Verification after sign-in
After you enable two-factor authentication, the next time you attempt to sign in, you'll need to enter a code before you can get into the Apify Console. To do that, open your authenticator app and enter the code for your Apify account into the Code field. After you enter the code, click on the Verify button, and if the provided code is correct, you will proceed to Apify Console.
Using recovery codes
In case you lose access to your authenticator app, you can use the recovery codes to sign in to your account. To do that, click on the recovery code or begin 2FA account recovery link below the Verify button. This will redirect you to a view similar to the current one, but instead of code from the authenticator app, you will need to enter one of the 16 recovery codes you received during the setup process.
If the provided recovery code is correct, you will proceed to Apify Console, the same as if you provided the code from the authenticator app. After gaining access to Apify Console, we recommend going to the account settings, disabling the two-factor authentication there, and then enabling it again with the new authenticator app.
When you successfully use a recovery code, we remove the code from the original list as it's no longer possible to use it again. If you use all of your recovery codes, you will not be able to sign in to your account with them anymore, and you will need to either use your authenticator app or contact our support to help you regain access to your account.

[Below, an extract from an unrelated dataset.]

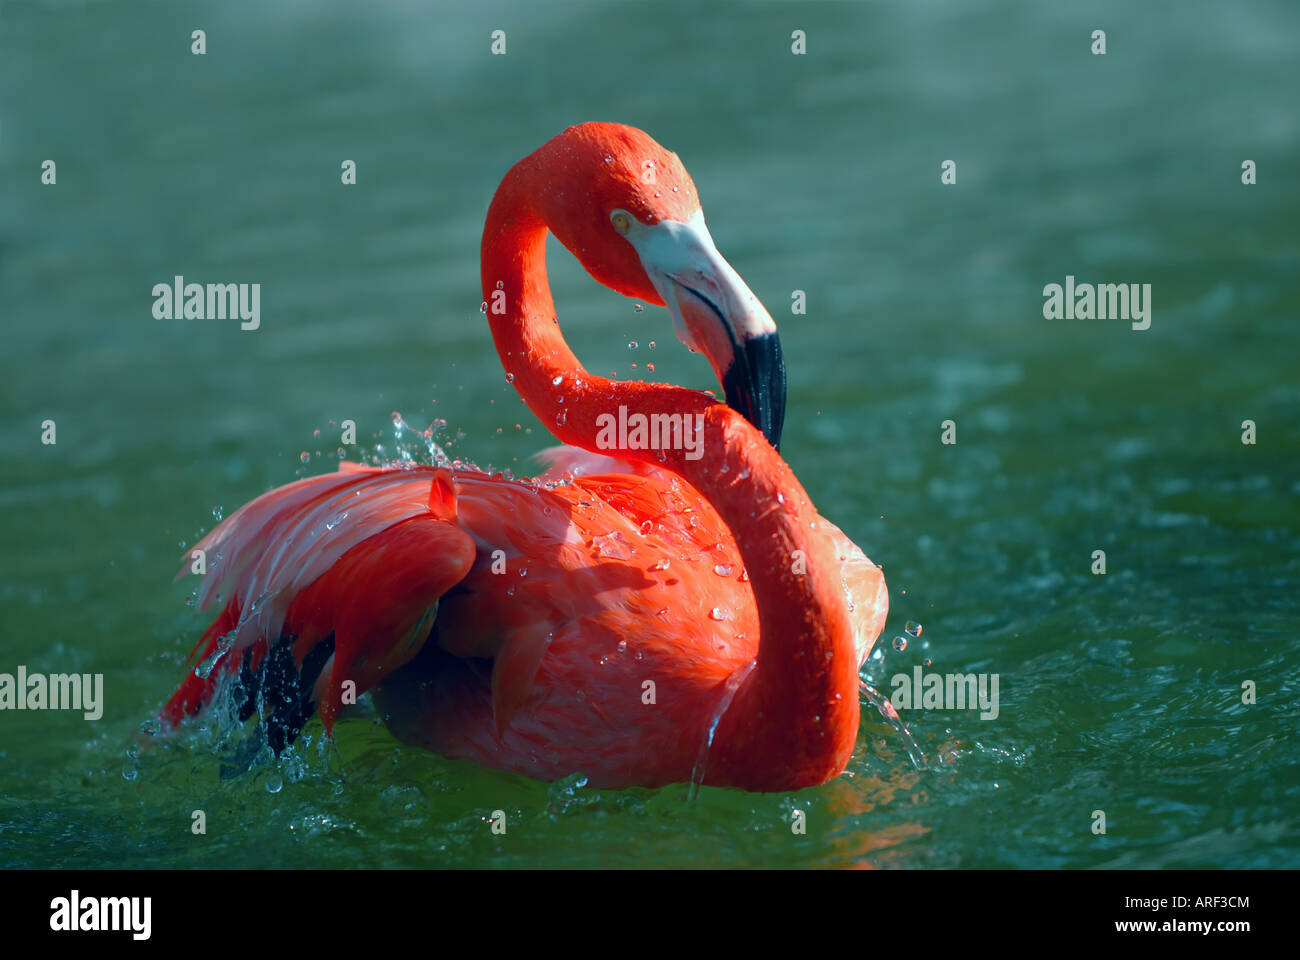 Flamingo's bath Stock Photo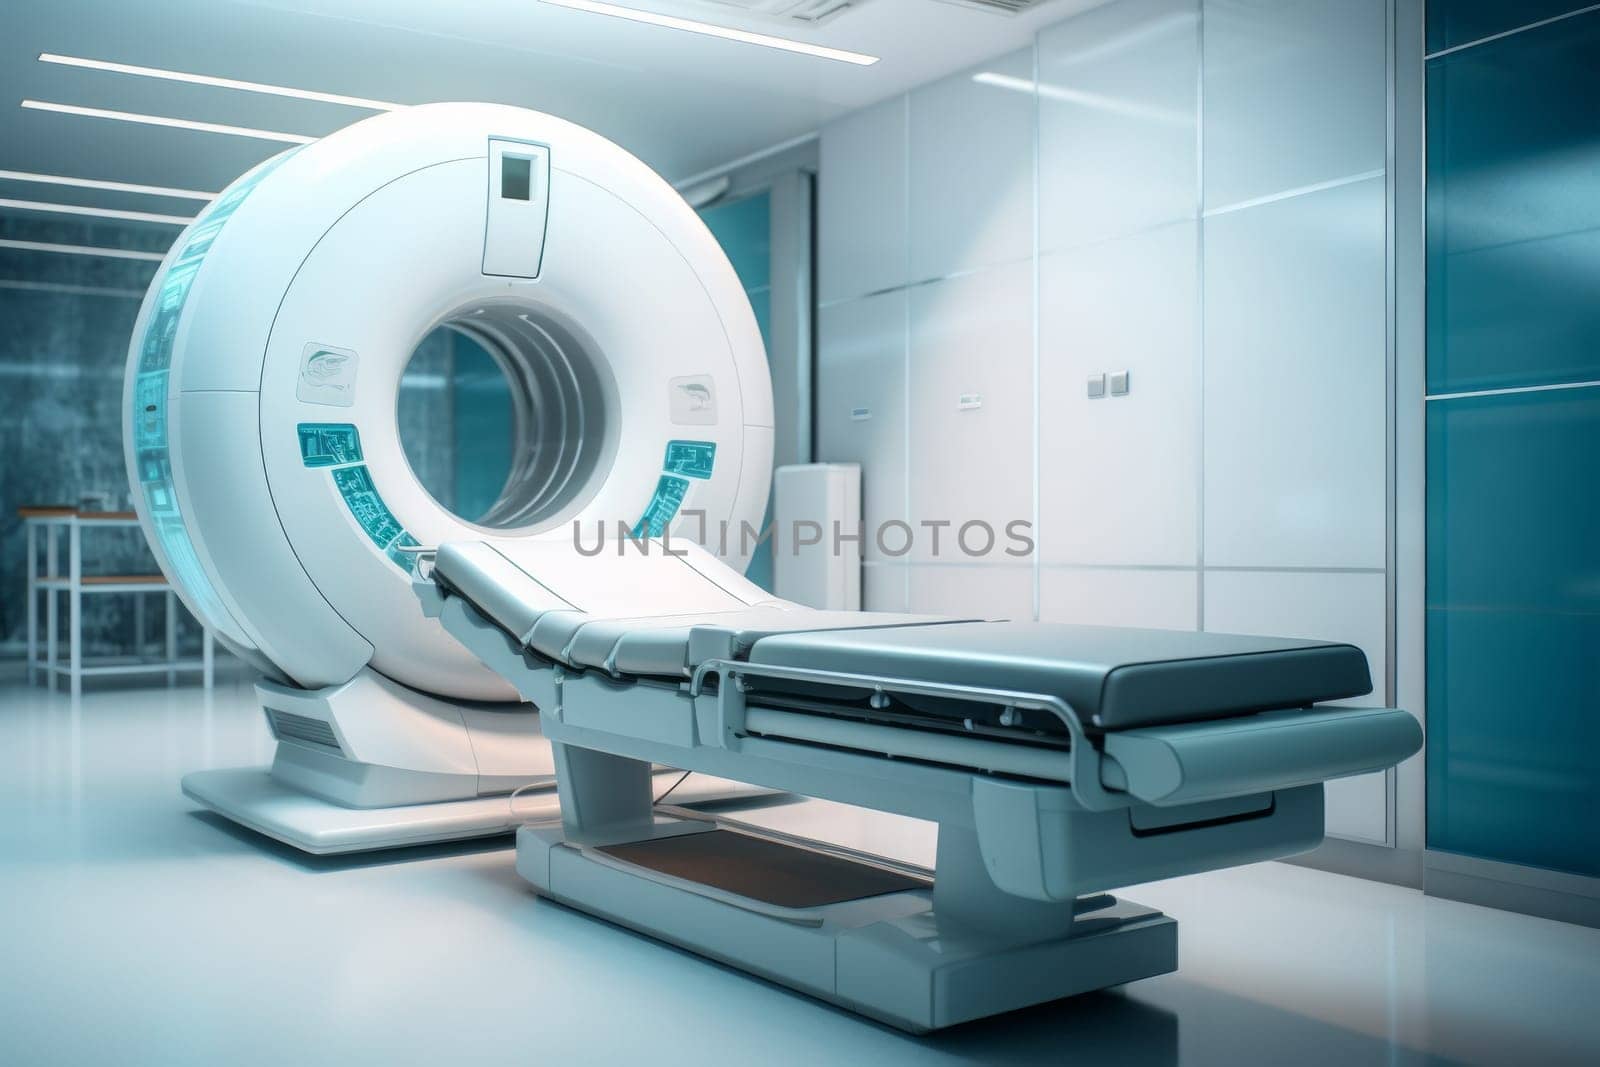 Mri or Computed tomography scan medical diagnosis machine by rusak

Disabling two-factor authentication
If you no longer want to use the two-factor authentication or lose access to your authenticator app, you can disable the two-factor authentication in your account settings. To do that, scroll down to the Two-factor authentication section and click on the Disable button. We will ask you to enter either your verification code from the authenticator app or, if you do not have access to it anymore, you can use one of your recovery codes. After entering the code, click on the Remove app button to verify the provided code. If it's valid, it will disable the two-factor authentication and remove the configuration from your account.
After you disable the two-factor authentication you will be able to sign in to your account without providing the verification code.
What to do when you get locked out
If you lose access to your authenticator app and do not have any recovery codes left, or you lost them as well, you will not be able to sign in to your account. In this case, you will need to contact our support. To do that, you can either send us an email to support@apify.com or you can go to the sign-in page and sign in with your email and password. Then, on the two-factor authentication page, click on the recovery code or begin 2FA account recovery link. On the two-factor recovery page, click on the Contact our support link. This link will open up our online chat, and our support team can help you from there.
For our support team to help you recover your account, you will need to provide them with the personal information you have configured during the two-factor authentication setup. If you provide the correct information, the support team will help you regain access to your account.
The support team will not give you any clues about the information you provided; they will only verify if it is correct.
You can always check what information you provided by going to your account settings, scrolling down to the Two-factor authentication section, and clicking on the Recovery settings button, then you should see a view like this:
After you enter a verification code from your authenticator app, you will see the recovery settings you provided during the two-factor authentication setup.